Git’s index maintains timestamps of when git last wrote each file into the working tree (and updates these whenever files are cached from the working tree or from a commit). You can see the metadata with git ls-files --debug
. In addition to the timestamp, it records the size, inode, and other information from lstat to reduce the chance of a false positive.
When you perform git-status, it simply calls lstat on every file in the working tree and compares the metadata in order to quickly determine which files are unchanged. This is described in the documentation under racy-git and update-index.
On a unix file-system, the file-info is tracked and can be accesed using lstat method.

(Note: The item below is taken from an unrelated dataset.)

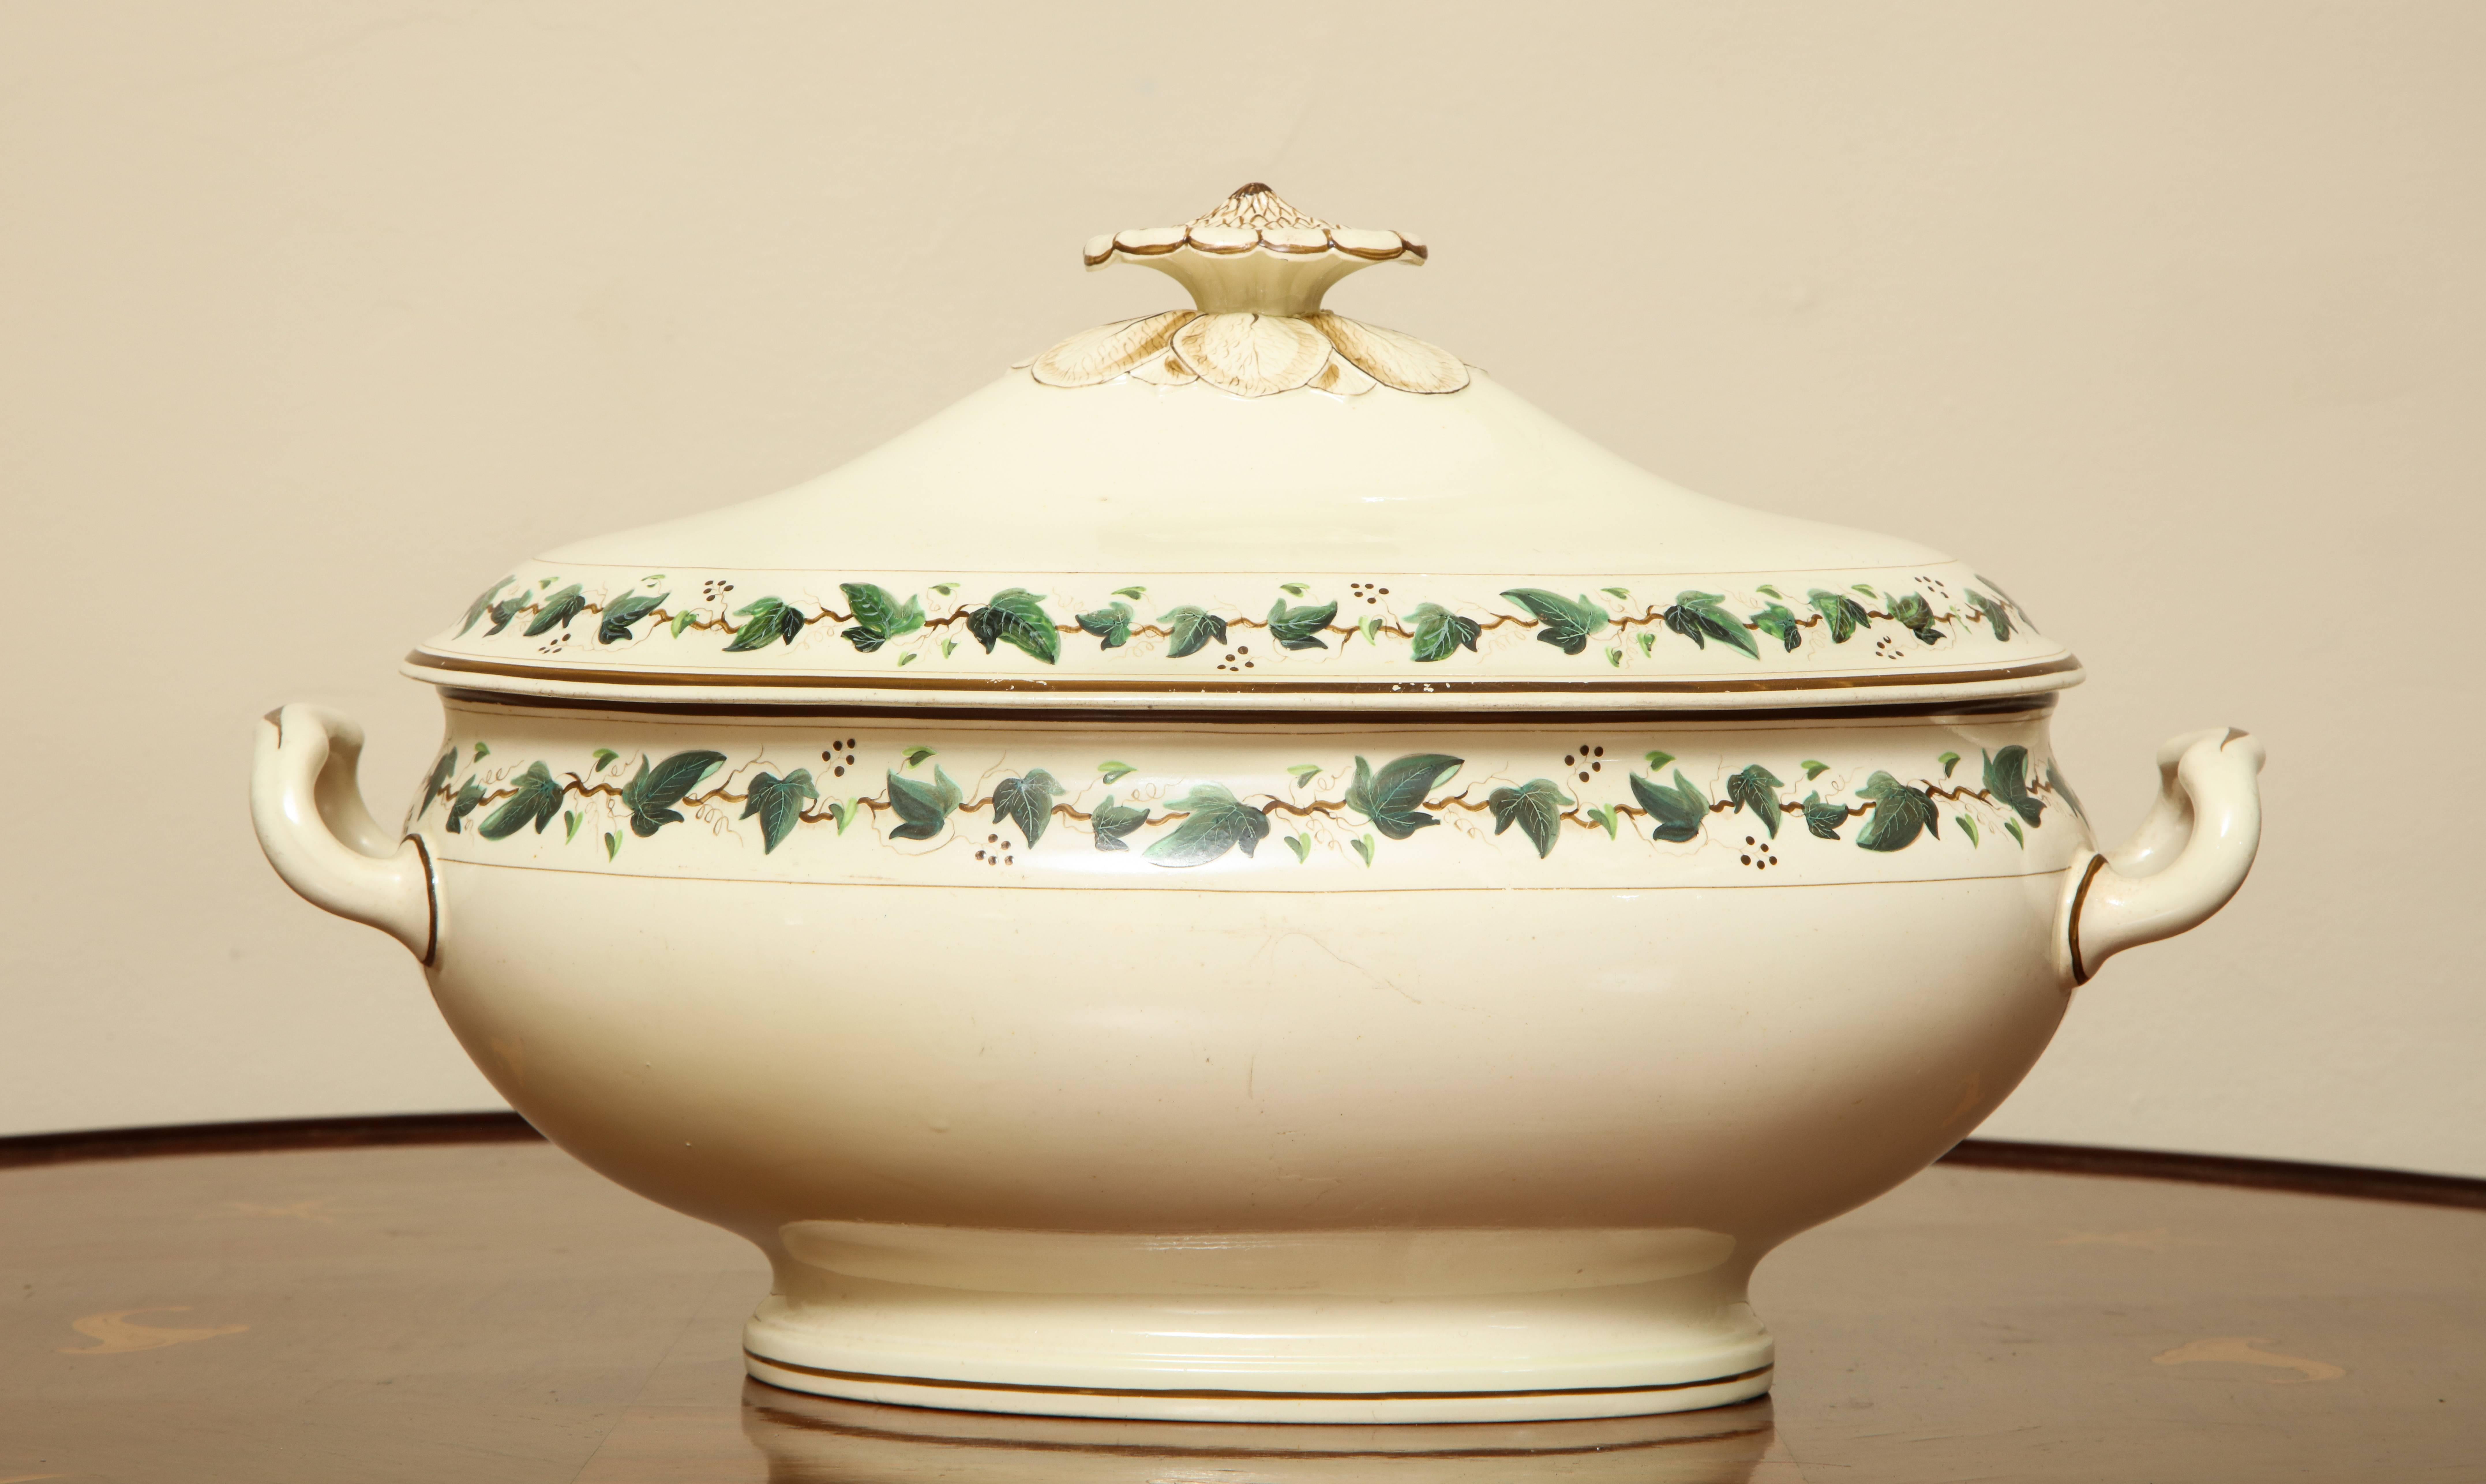 Wedgwood Creamware Covered Tureen with Ivy Decoration 3

The stat structure contains multiple time-stamps, size information, and more:
struct stat {
dev_t st_dev; /* ID of device containing file */
ino_t st_ino; /* inode number */
mode_t st_mode; /* protection */
nlink_t st_nlink; /* number of hard links */
uid_t st_uid; /* user ID of owner */
gid_t st_gid; /* group ID of owner */
dev_t st_rdev; /* device ID (if special file) */
off_t st_size; /* total size, in bytes */
blksize_t st_blksize; /* blocksize for file system I/O */
blkcnt_t st_blocks; /* number of 512B blocks allocated */
time_t st_atime; /* time of last access */
time_t st_mtime; /* time of last modification */
time_t st_ctime; /* time of last status change */
};
It seems that initially Git simply relied on this stat structure to decide if a file had been changed (see reference):
When checking if they differ, Git first runs
lstat(2)
on the files and compares the result with this information
However, a race condition was reported (racy-git) that found if a file was modified in the following manner:
: modify 'foo'
$ git update-index 'foo'
: modify 'foo' again, in-place, without changing its size
(And quickly enough to not change it's timestamps)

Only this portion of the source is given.